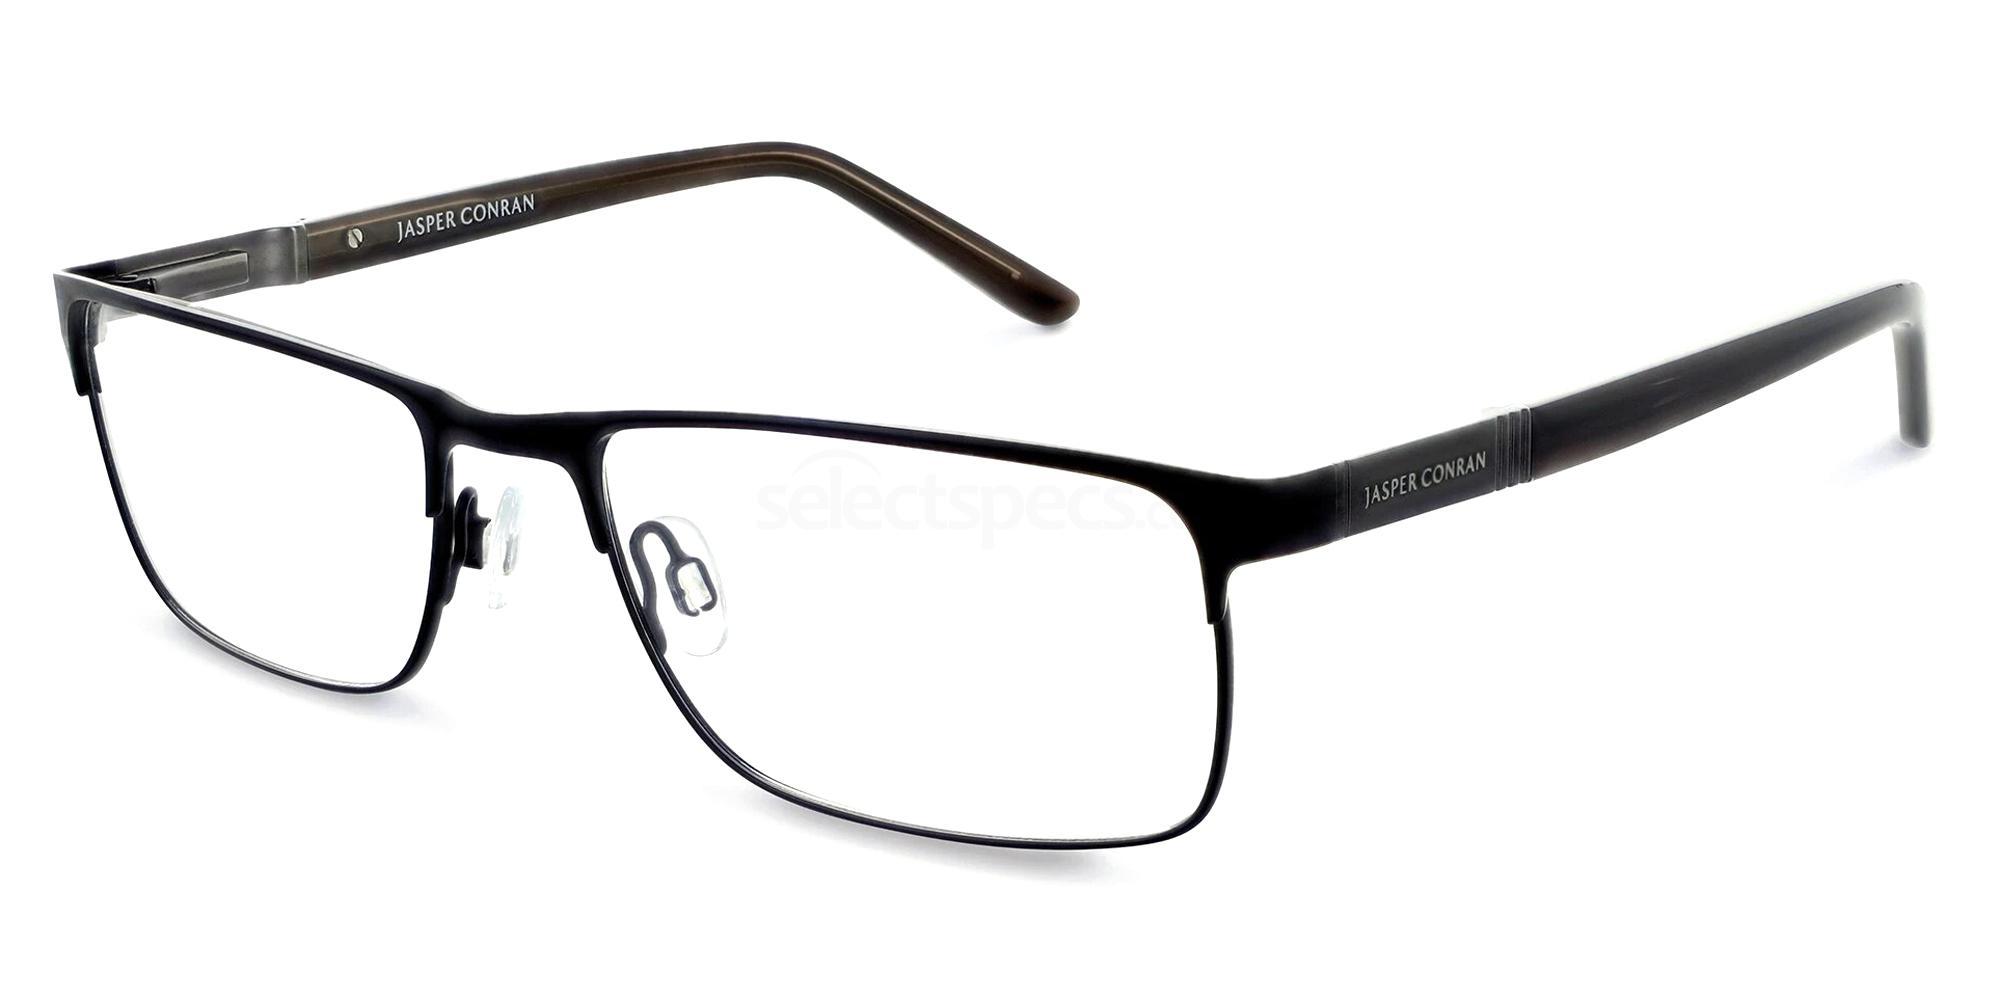 Col 1 JCM009 Glasses, Jasper Conran
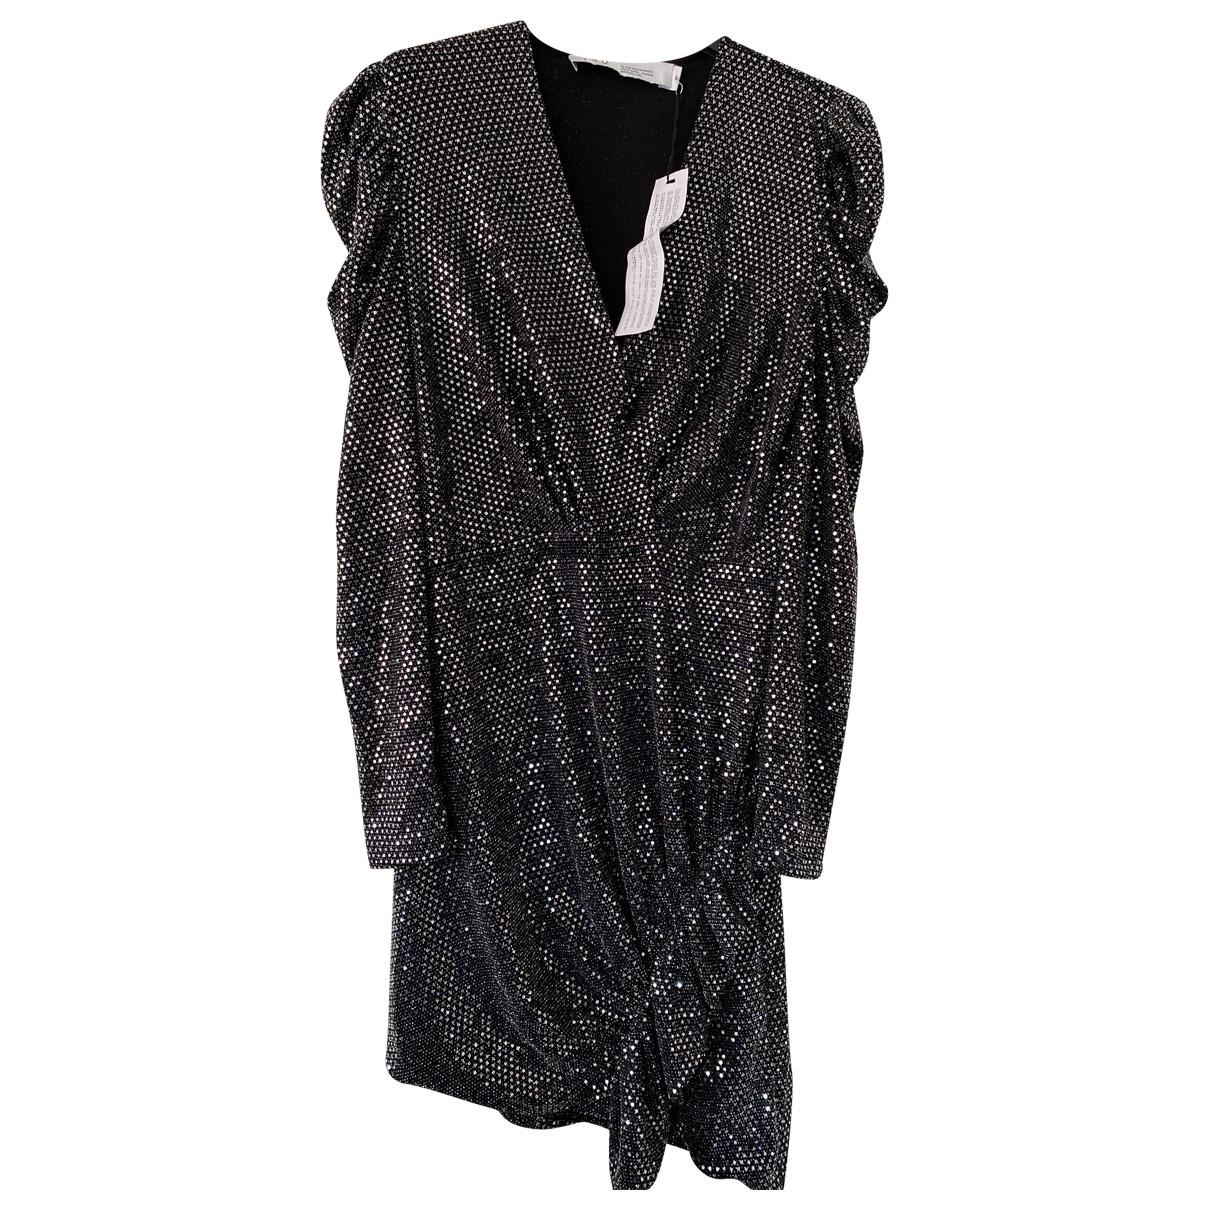 Iro Fall Winter 2019 Kleid in  Silber Mit Pailletten
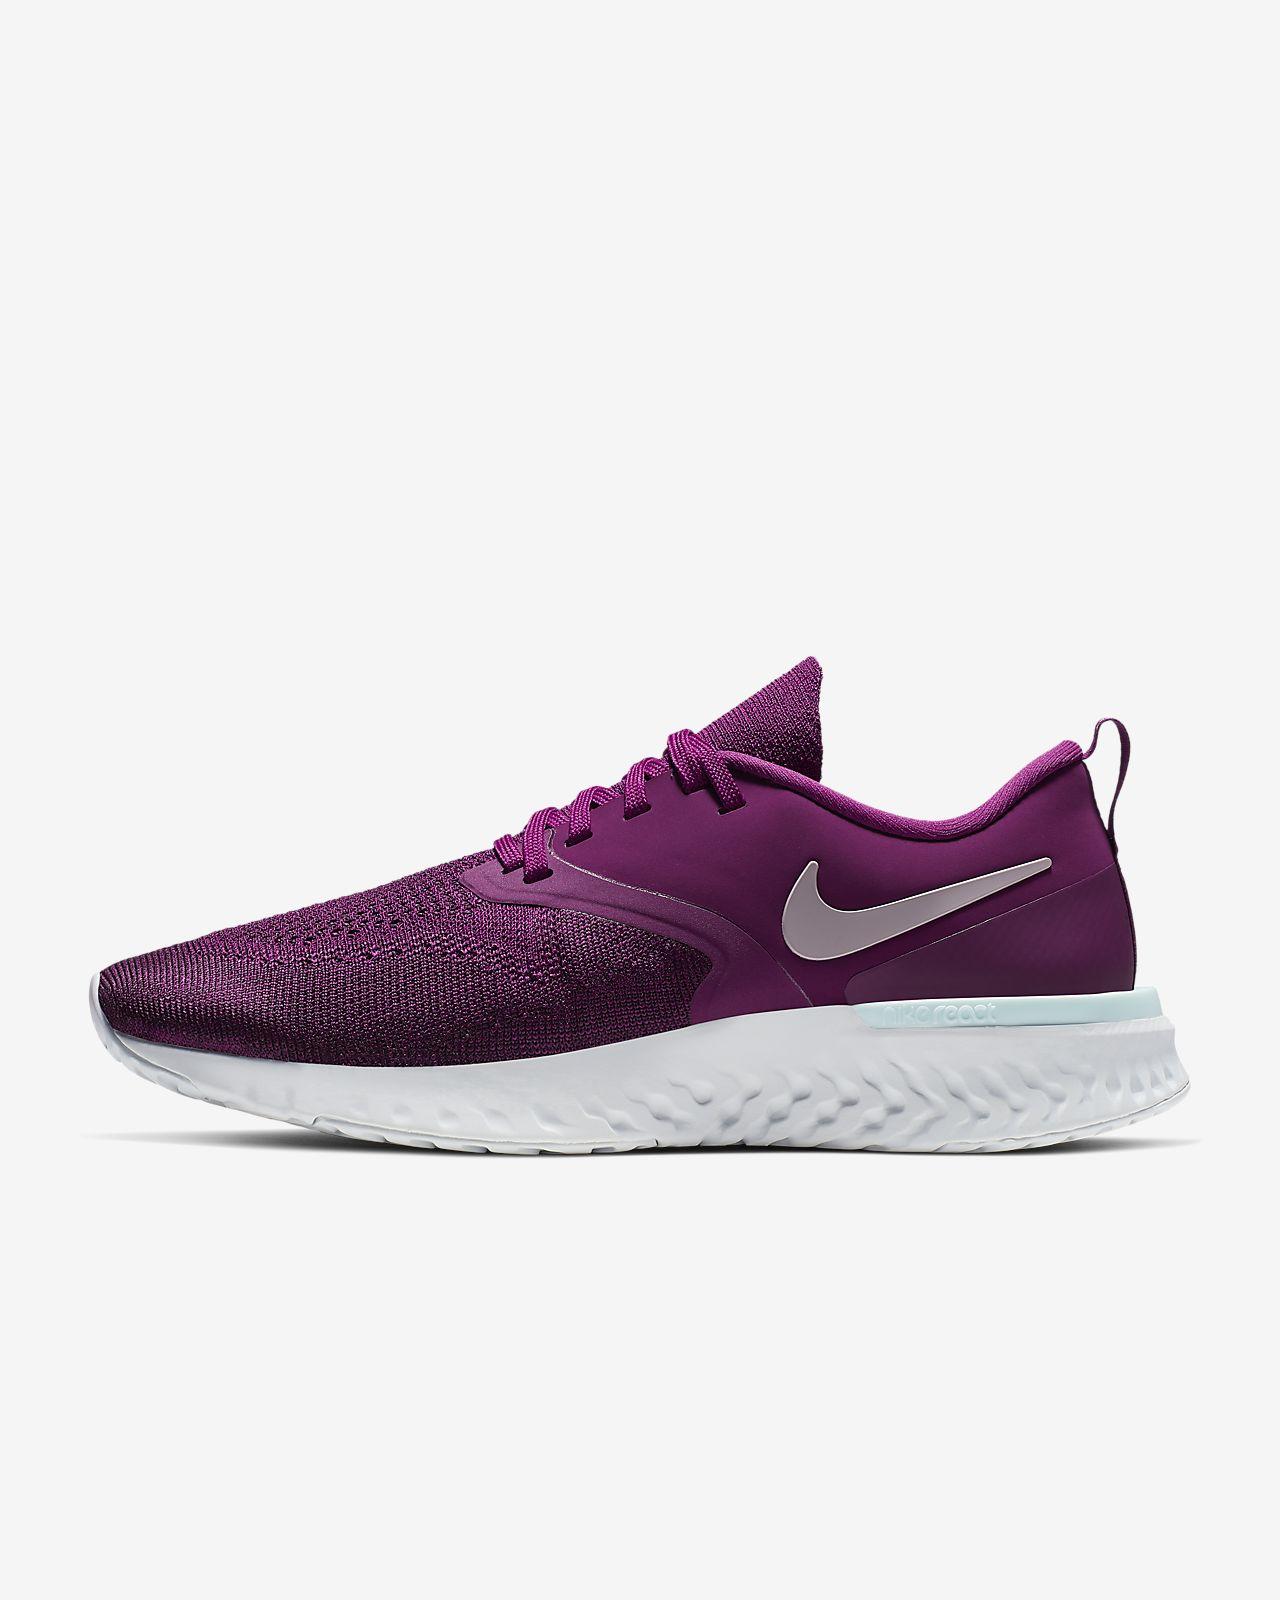 Nike Odyssey React Flyknit 2 Women s Running Shoe. Nike.com 1e714ddef59

__Task instructions__:
Each line above should be written out again unchanged; no images are to be carried over.

__Solution to this problem__:
 Col 1 JCM009 Glasses, Jasper Conran
 Iro Fall Winter 2019 Kleid in  Silber Mit Pailletten
 Nike Odyssey React Flyknit 2 Women s Running Shoe. Nike.com 1e714ddef59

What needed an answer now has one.